When Microsoft AD is selected from the Server Type list, the default value Yes automatically populates the Real-Time AuthN field. The value cannot be changed.

Figure 14 Adding an LDAP server

5. Click OK.

The new LDAP server named Windows AD is displayed in the LDAP server list, as shown in Figure 15.

Figure 15 Viewing the added LDAP server

6. Click Test to test the connectivity between IMC and the LDAP server.

The test result opens on the top upper right of the page, as shown in Figure 16.

Figure 16 Viewing the testing result

Configuring a synchronization policy for the LDAP server

1. Click the User tab.

2. From the navigation tree, select User Access Policy > LDAP Service > Sync Policy.

The Sync Policy page opens, as shown in Figure 17.

Figure 17 Accessing the Sync Policy page

3. Click Add on top of the synchronization policy list.

4. On the Add Sync Policy page, configure the following parameters, as shown in Figure 18:

a. Enter Windows AD Sync Policy in the Policy Name field.

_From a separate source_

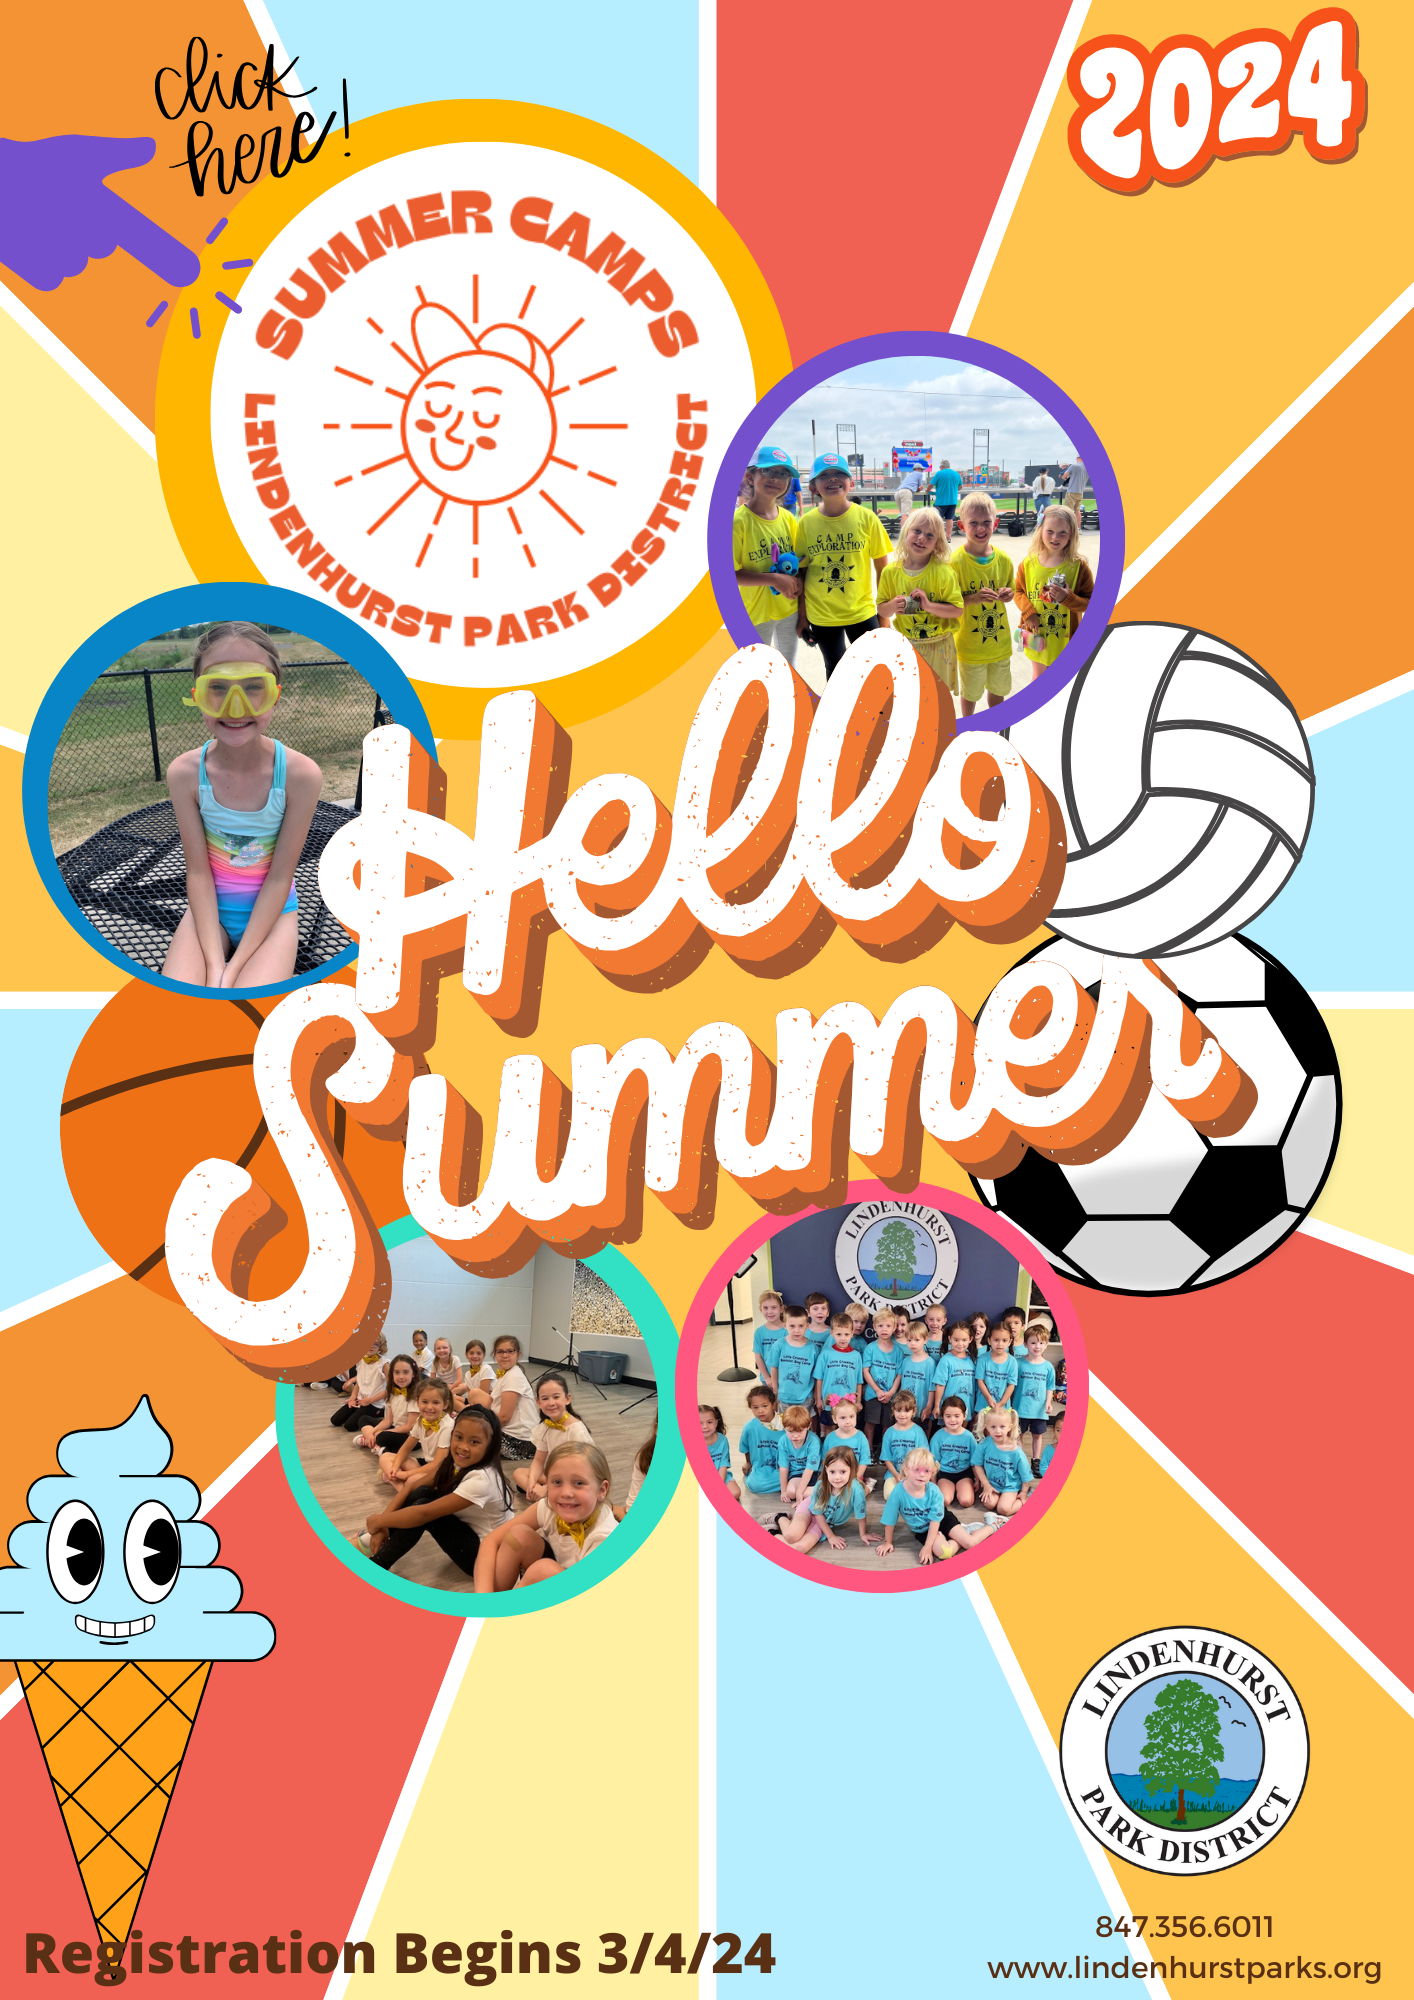 vibrant poster announcing "Hello Summer 2024" with details about summer camps by the Lindenhurst Park District. The poster includes playful images: a child in swim gear, a group in sports attire, children in a classroom setting, and an animated ice cream cone. Sports icons like a volleyball and soccer ball are featured. The call to action "click here" invites online interaction. Registration opens on March 4, 2024, as stated at the bottom, along with contact information and the park district's logo and website.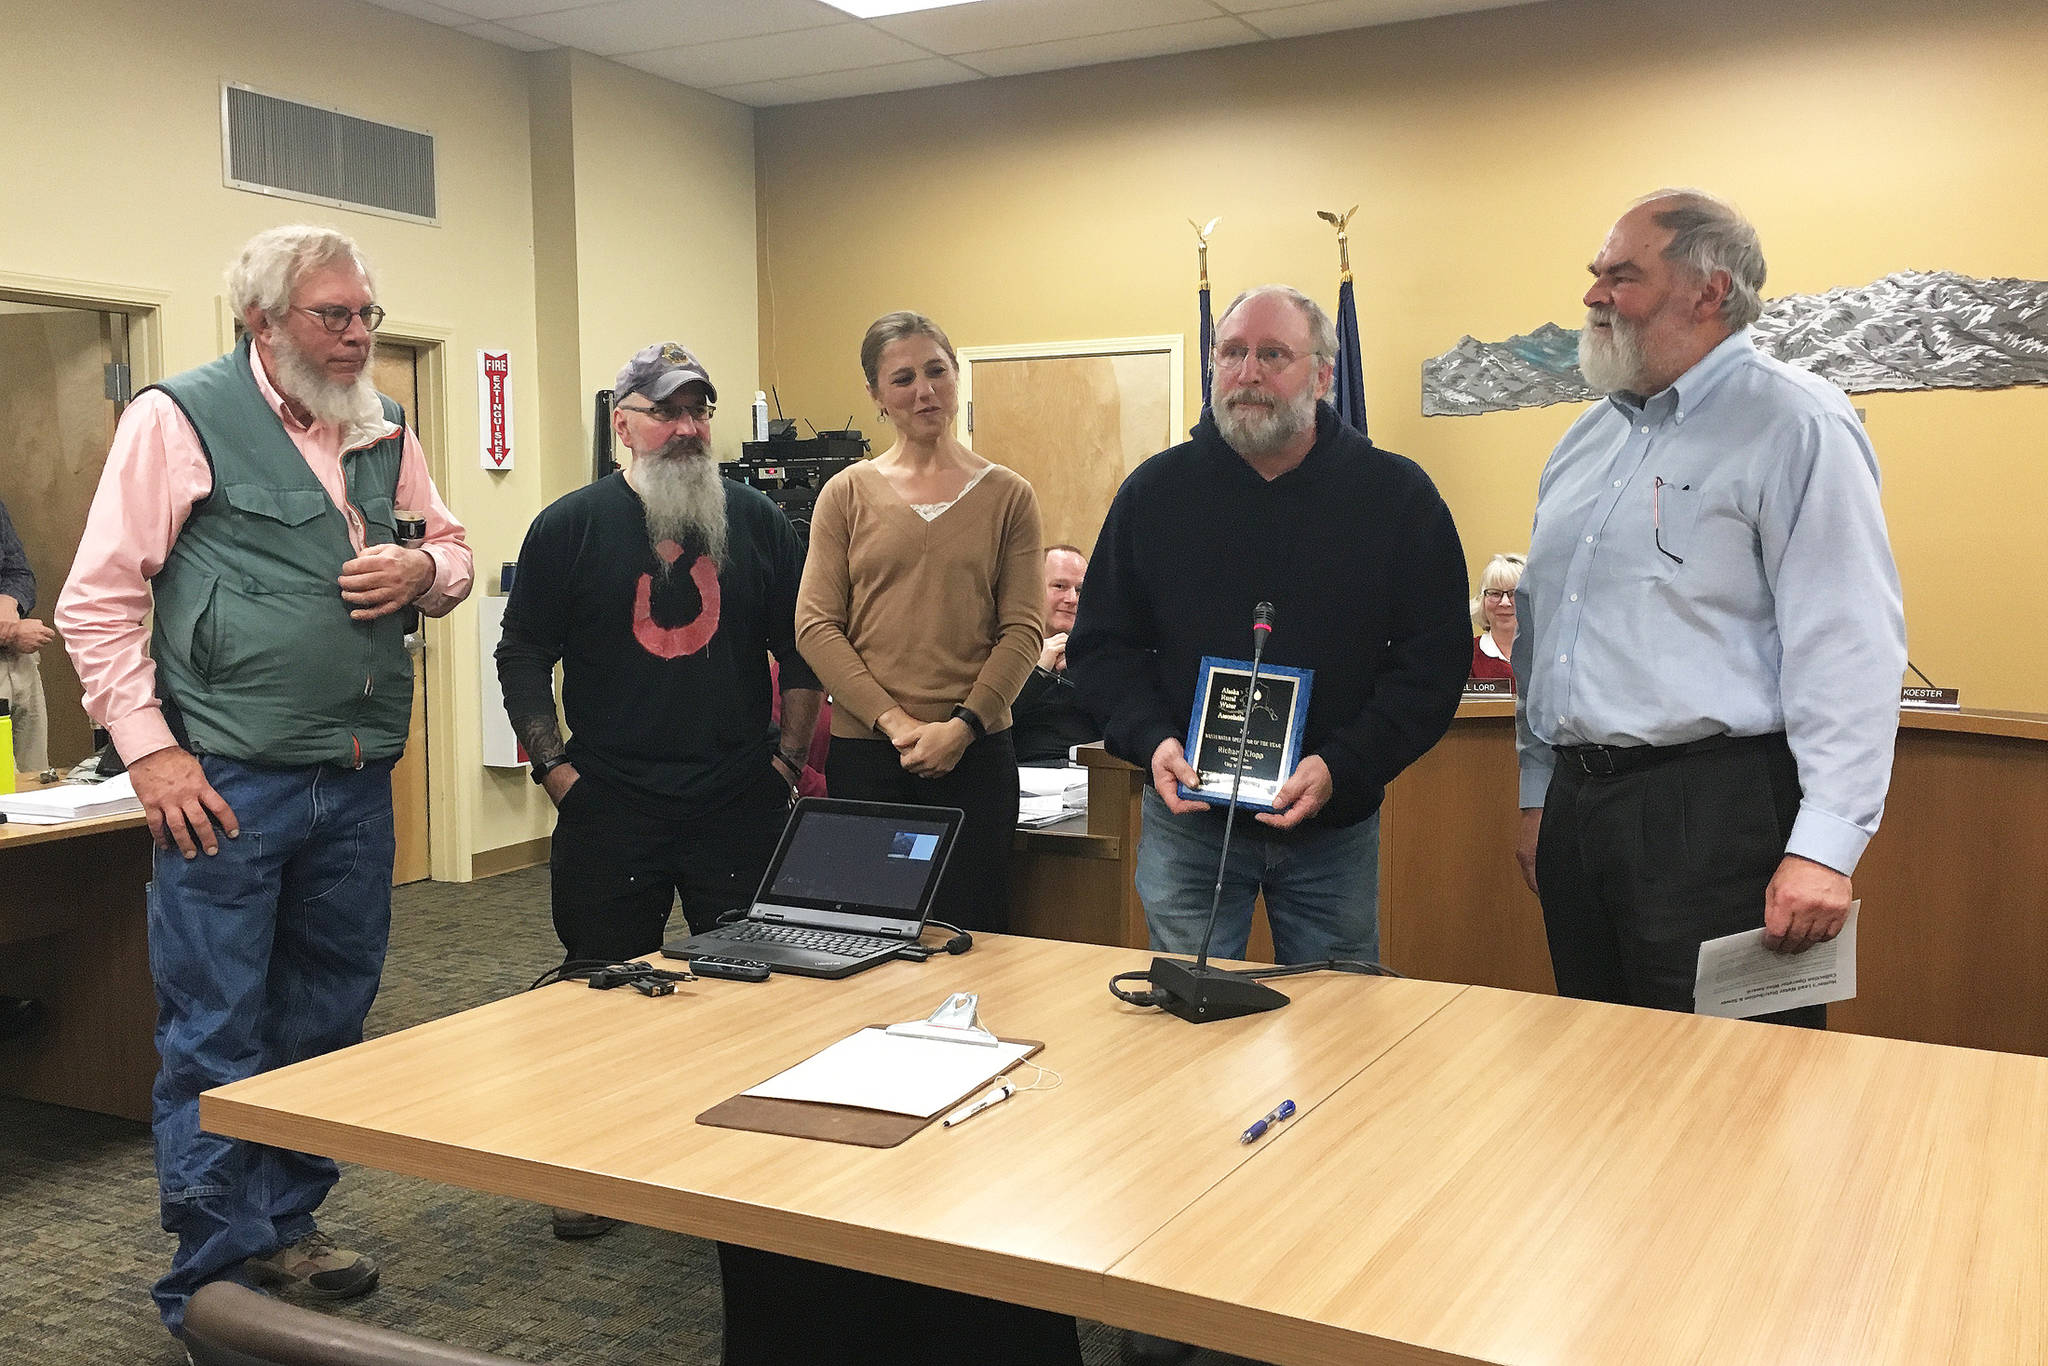 From left to right: Public Works Director Carey Meyer, Water and Sewer Superintendent Todd Cook, City Manager Katie Koester, Richard Klopp, lead water distribution and wastewater collection operator, and Mayor Ken Castner celebrate Klopp being named Wastewater Operator of the Year award by the Alaska Rural Water Association during the Monday, Nov. 26, 2018 Homer City Council meeting at Homer City Hall in Homer, Alaska. (Photo by Megan Pacer/Homer News)

b. Select Windows AD from the Server Name list.

c. Enter the absolute subdirectory path where user data is stored on the LDAP server in the Sub-Base DN field. The sub-base DN must be the base DN itself or its subset. This example uses dc=xin,dc=h3c. UAM synchronizes only the user data under the specified subdirectory from the server.

d. Use the default values for other parameters.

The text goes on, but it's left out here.